DATA SECTION ▸

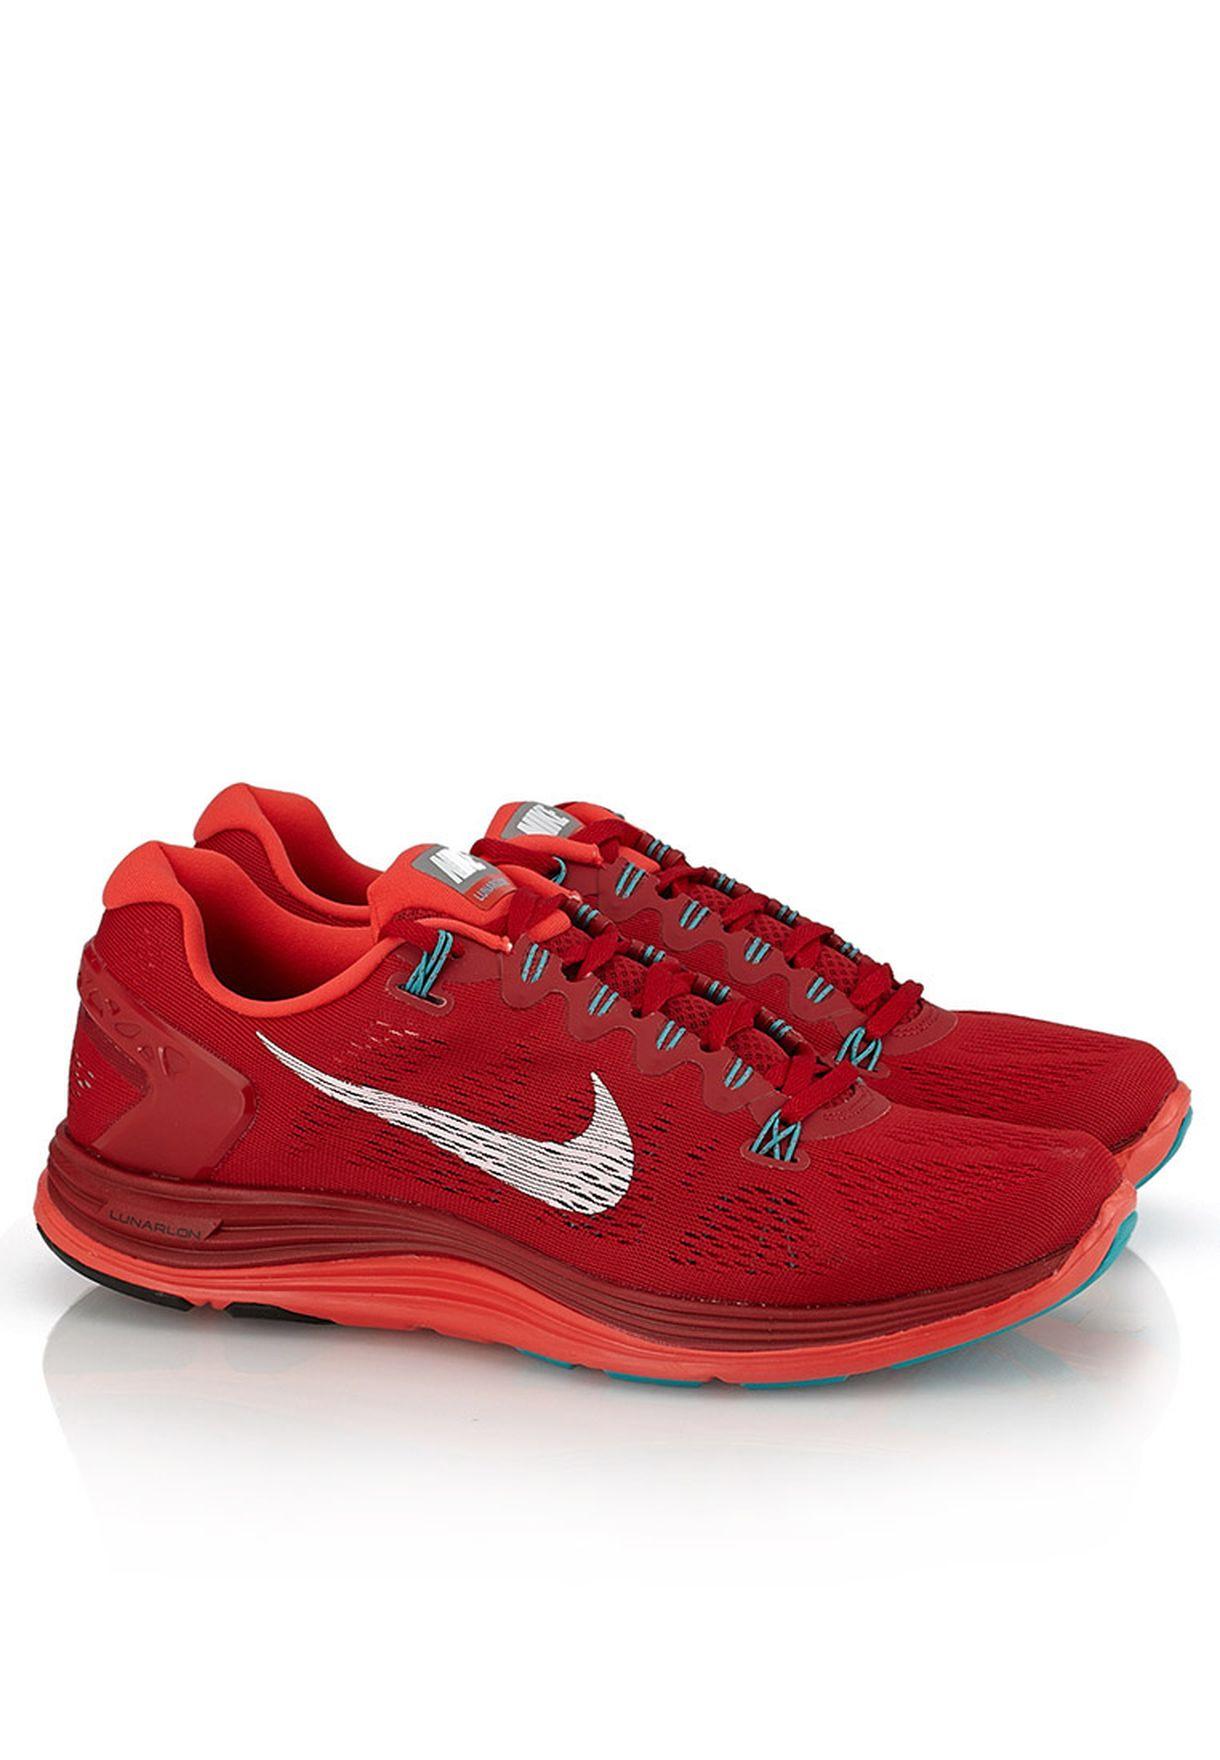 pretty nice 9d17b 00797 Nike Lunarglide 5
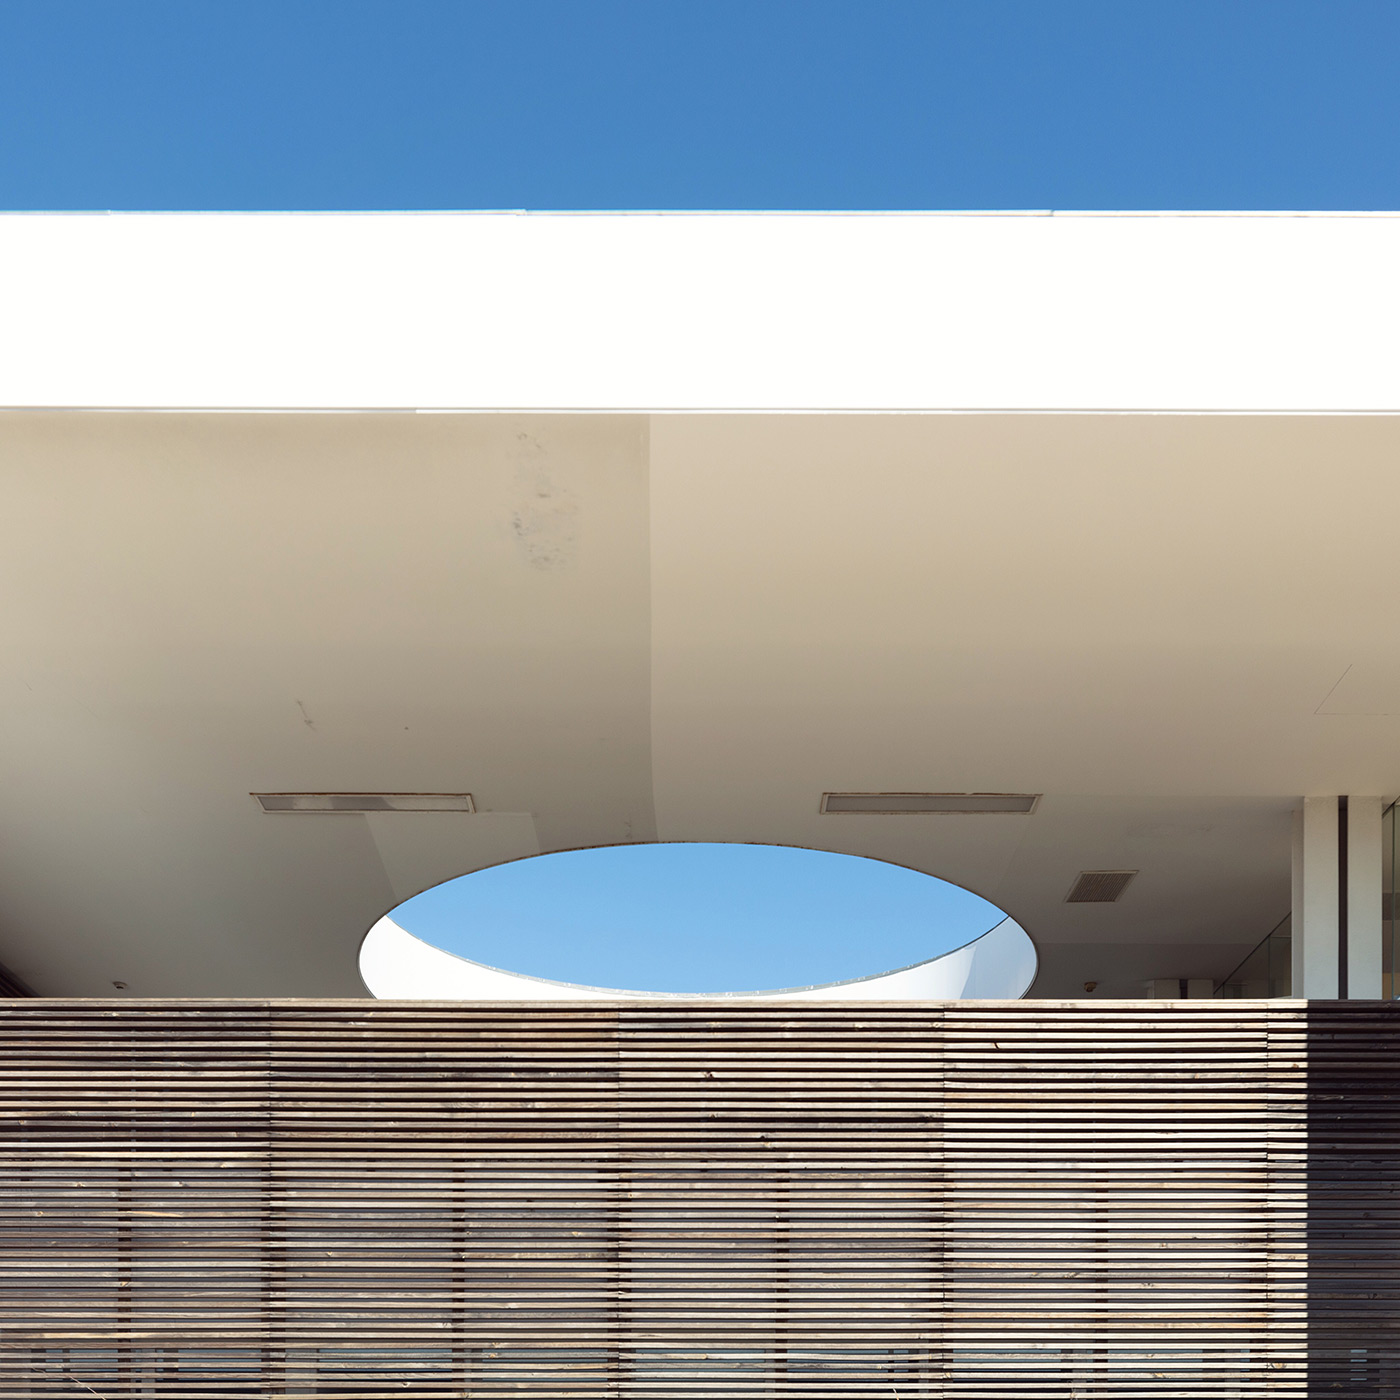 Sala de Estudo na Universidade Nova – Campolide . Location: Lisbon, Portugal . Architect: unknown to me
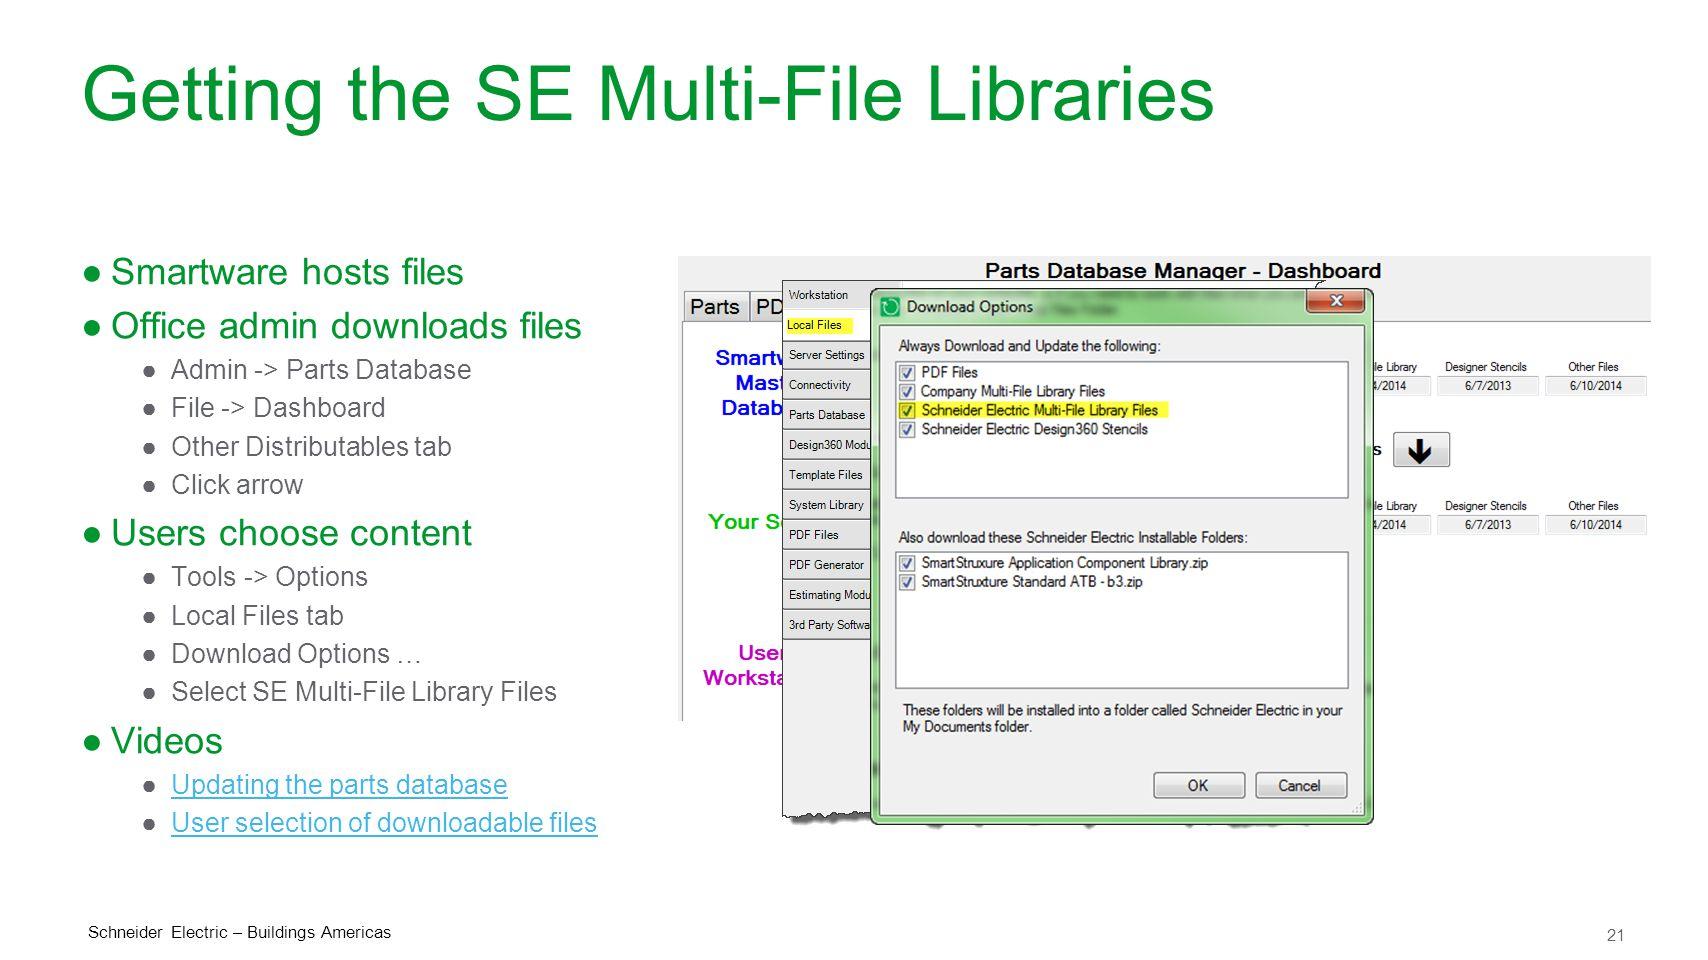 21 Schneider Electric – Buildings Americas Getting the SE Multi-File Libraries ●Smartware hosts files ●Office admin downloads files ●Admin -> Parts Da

EXERCISE AIM ▸
Return the listing unchanged except for the pictures, which should be dropped.

EXERCISE OUTPUT ▸
 pretty nice 9d17b 00797 Nike Lunarglide 5
 Sala de Estudo na Universidade Nova – Campolide . Location: Lisbon, Portugal . Architect: unknown to me
 21 Schneider Electric – Buildings Americas Getting the SE Multi-File Libraries ●Smartware hosts files ●Office admin downloads files ●Admin -> Parts Da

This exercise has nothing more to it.